There is a good (and complicated) explanation of all of the California/Gold Rush-era Mormon colonies and settlements in John G. Turner's bio: BRIGHAM YOUNG: Pioneer Prophet (which I highly recommend to anyone interested), pp. 179-182.

Re: the Mormon California settlement in San Bernardino (p. 181):

"In 1851 Young sent colonizers to southern California to establish a settlement near Cajon Pass, resulting in he city of San Bernardino. ... Young hoped that Mormon vineyards in California could fully supply the church's need for olive oil, wine, and raisins."

[My comment: "...the church's NEED for ...WINE???"] [Emphasis added, needless to say. ;-) ]

Continuing the same quote:

"Young called thirty men to settle at the Las Vegas Springs, which became an Indian mission and an important way station on the route to San Bernardino." ;-)

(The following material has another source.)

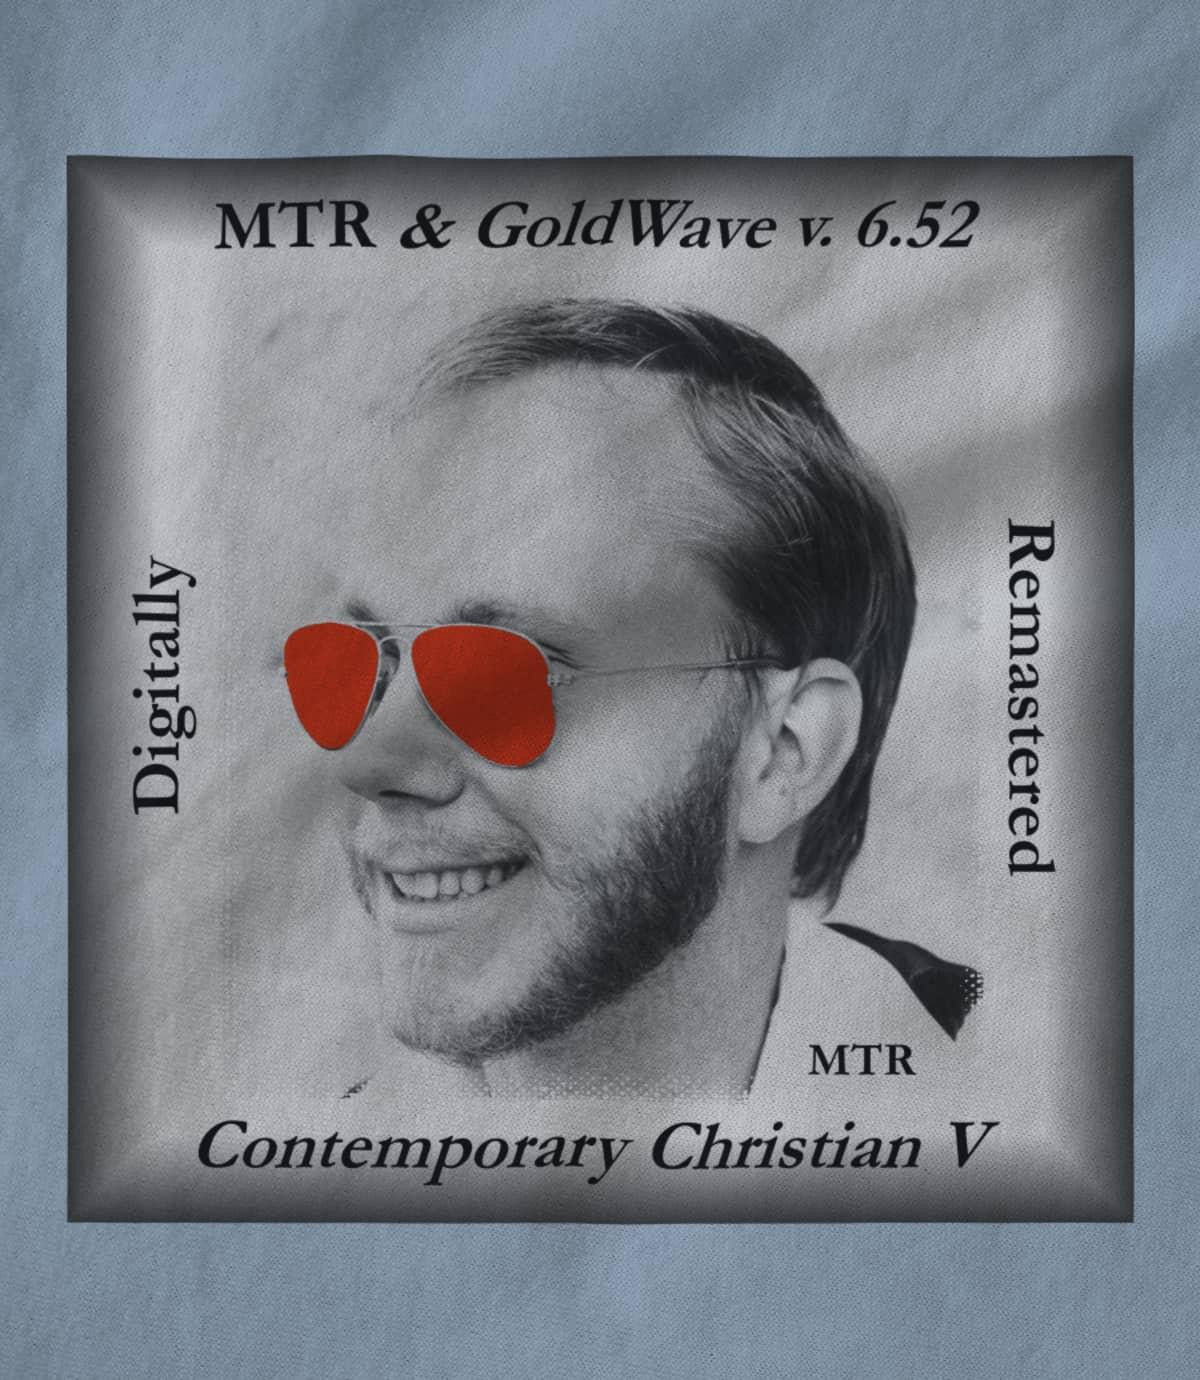 Michael resch  contemporary christian v  3d album art 1607801615

"By the mid-1850s, the Mormons under Young's leadership had audaciously laid claim to a thousand-mile corridor of colonies and forts within the American West."

There is a discussion of Young's fondness for California gold, and how he got as much of it was possible (whether from Mormons or non-Mormons) under his control, and how this fueled his desire to be independent of U.S. monetary control.

There were complicated geographical and financial Mormon goings-on back then, all very closely supervised by Brigham Young, and they stretched over a gigantic distance, from what we would now call the general "Utah" area to the Pacific Ocean, and they included "a thousand mile corridor of [Mormon] colonies and forts within the American West" (p. 181, Turner's BY biography).

But the amusing part is: one of the major reasons for establishing San Bernardino (and Las Vegas!), was to fulfill the Mormon "need" for WINE.



Edited 4 time(s). Last edit at 12/31/2013 02:06PM by tevai.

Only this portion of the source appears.